By analyzing existing cross correlation between Sector 10 and Merck Company, you can compare the effects of market volatilities on Sector 10 and Merck and check how they will diversify away market risk if combined in the same portfolio for a given time horizon. You can also utilize pair trading strategies of matching a long position in Sector 10 with a short position of Merck. Check out your portfolio center. Please also check ongoing floating volatility patterns of Sector 10 and Merck.
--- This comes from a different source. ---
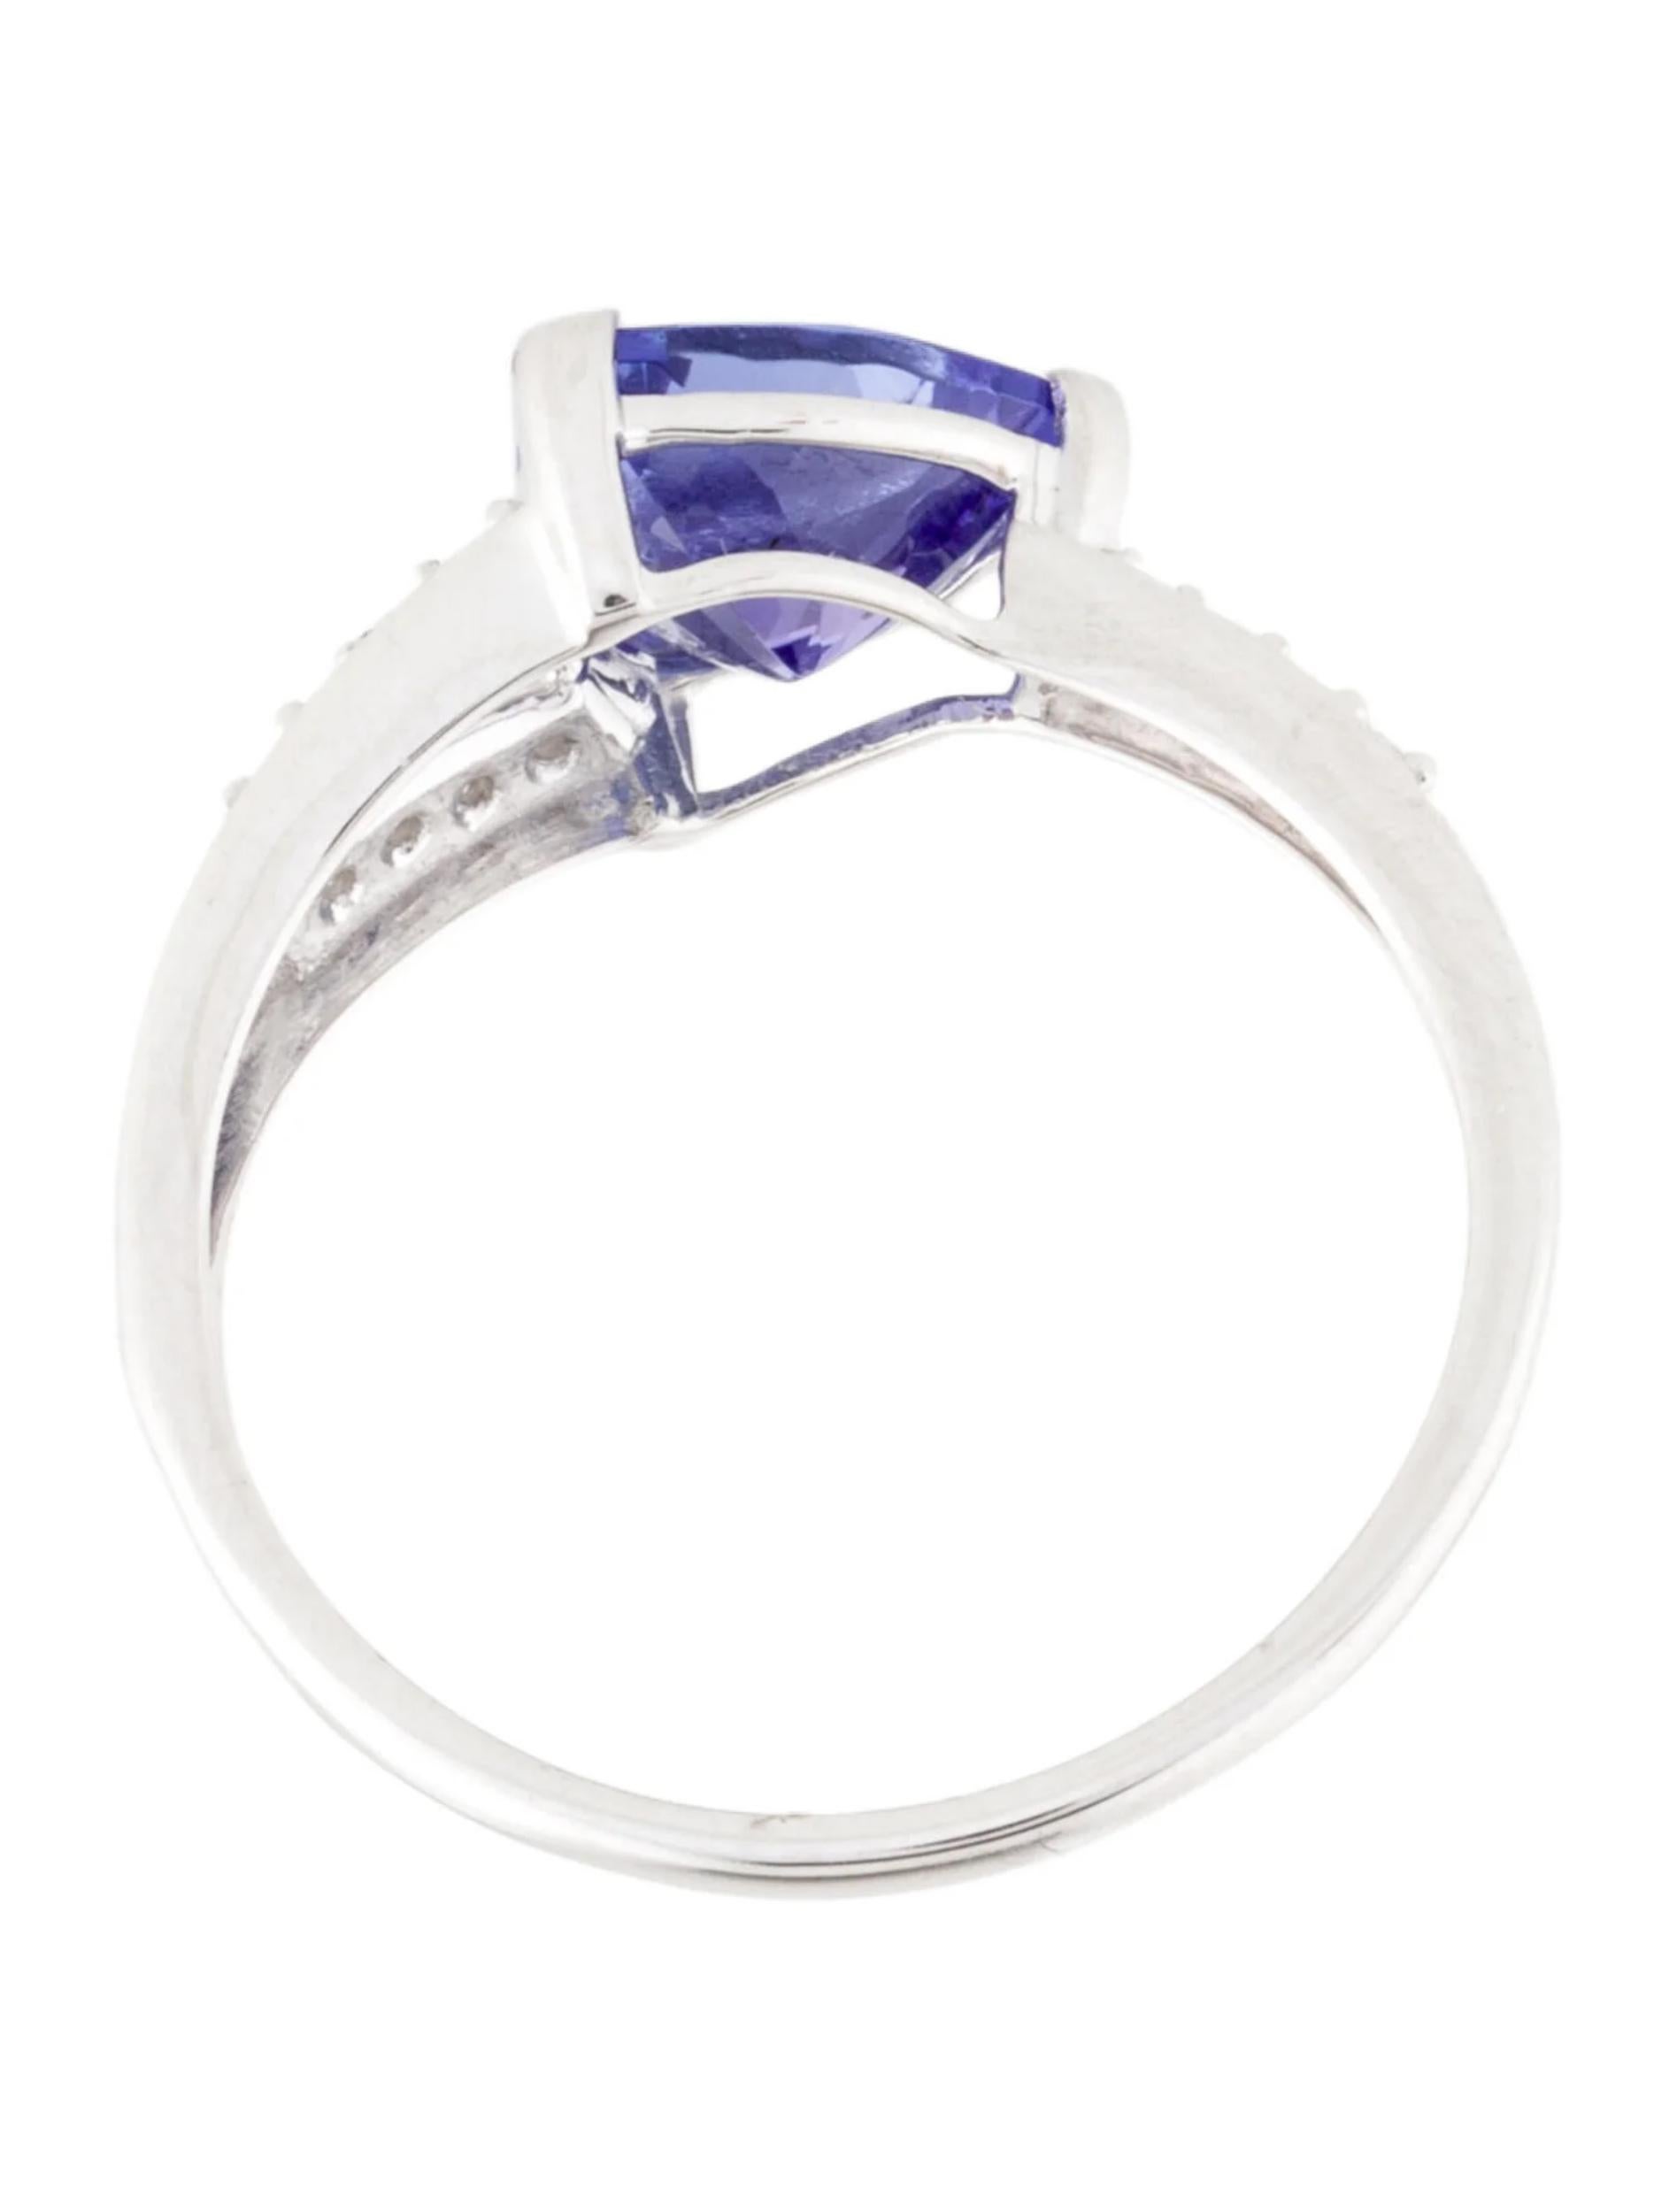 Exquisite 14K Tanzanite & Diamond Cocktail Ring, Size 7.25 - Statement Jewelry In New Condition For Sale In Holtsville, NY

Diversification Opportunities for Sector 10 and Merck

-0.18
  Correlation Coefficient

Good diversification

The 3 months correlation between Sector and Merck is -0.18. Overlapping area represents the amount of risk that can be diversified away by holding Sector 10 and Merck Company in the same portfolio, assuming nothing else is changed. The correlation between historical prices or returns on Merck Company and Sector 10 is a relative statistical measure of the degree to which these equity instruments tend to move together. The correlation coefficient measures the extent to which returns on Sector 10 are associated (or correlated) with Merck. Values of the correlation coefficient range from -1 to +1, where. The correlation of zero (0) is possible when the price movement of Merck Company has no effect on the direction of Sector 10 i.e., Sector 10 and Merck go up and down completely randomly.
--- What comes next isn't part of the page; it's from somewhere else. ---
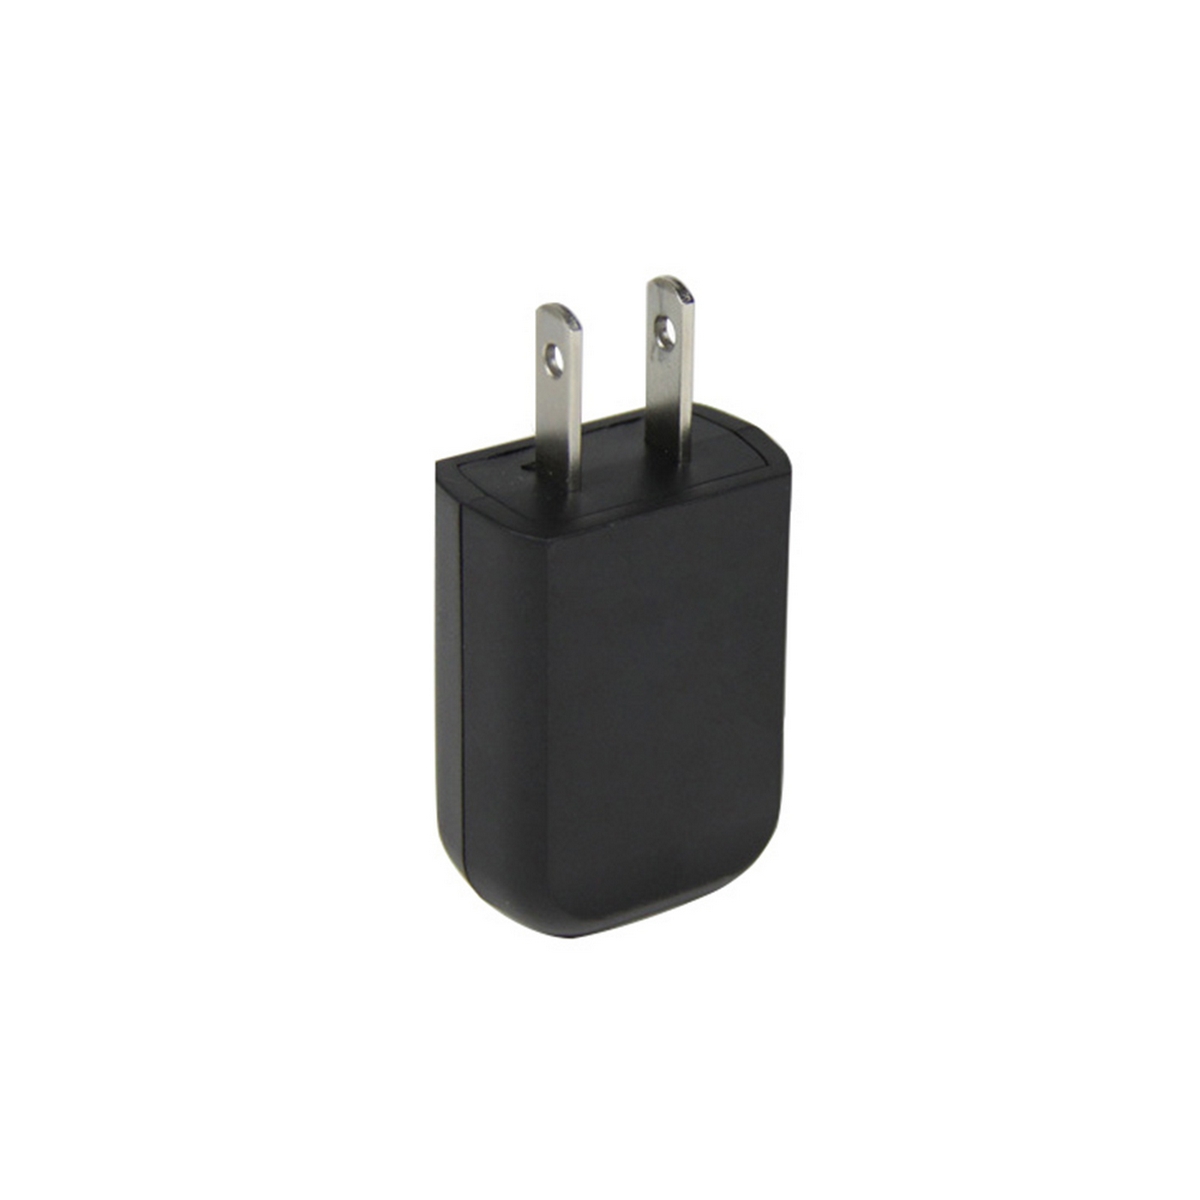 UL Listed USB A/C Wall Charger Adapter

Pair Corralation between Sector 10 and Merck

Given the investment horizon of 90 days Sector 10 is expected to generate 44.25 times more return on investment than Merck. However, Sector 10 is 44.25 times more volatile than Merck Company. It trades about 0.04 of its potential returns per unit of risk. Merck Company is currently generating about 0.08 per unit of risk. If you would invest  1.29  in Sector 10 on January 24, 2024 and sell it today you would lose (1.28) from holding Sector 10 or give up 99.22% of portfolio value over 90 days.
Time Period3 Months [change]
DirectionMoves Against 
StrengthInsignificant
Accuracy74.95%
ValuesDaily Returns

Sector 10  vs.  Merck Company

 Performance 
       Timeline  
Sector 10 

Risk-Adjusted Performance

0 of 100

 
Weak
 
Strong
Very Weak
Over the last 90 days Sector 10 has generated negative risk-adjusted returns adding no value to investors with long positions. Despite unfluctuating performance in the last few months, the Stock's fundamental indicators remain fairly strong which may send shares a bit higher in May 2024. The recent confusion may also be a sign of long-lasting up-swing for the firm traders.
Merck Company 

Risk-Adjusted Performance

8 of 100

 
Weak
 
Strong
OK
Compared to the overall equity markets, risk-adjusted returns on investments in Merck Company are ranked lower than 8 (%) of all global equities and portfolios over the last 90 days. Despite quite unsteady basic indicators, Merck may actually be approaching a critical reversion point that can send shares even higher in May 2024.

Sector 10 and Merck Volatility Contrast

   Predicted Return Density   
       Returns  

Pair Trading with Sector 10 and Merck

The main advantage of trading using opposite Sector 10 and Merck positions is that it hedges away some unsystematic risk. Because of two separate transactions, even if Sector 10 position performs unexpectedly, Merck can make up some of the losses. Pair trading also minimizes risk from directional movements in the market. For example, if an entire industry or sector drops because of unexpected headlines, the short position in Merck will offset losses from the drop in Merck's long position.
The idea behind Sector 10 and Merck Company pairs trading is to make the combined position market-neutral, meaning the overall market's direction will not affect its win or loss (or potential downside or upside). This can be achieved by designing a pairs trade with two highly correlated stocks or equities that operate in a similar space or sector, making it possible to obtain profits through simple and relatively low-risk investment.
Check out your portfolio center.
Note that this page's information should be used as a complementary analysis to find the right mix of equity instruments to add to your existing portfolios or create a brand new portfolio. You can also try the Idea Analyzer module to analyze all characteristics, volatility and risk-adjusted return of Macroaxis ideas.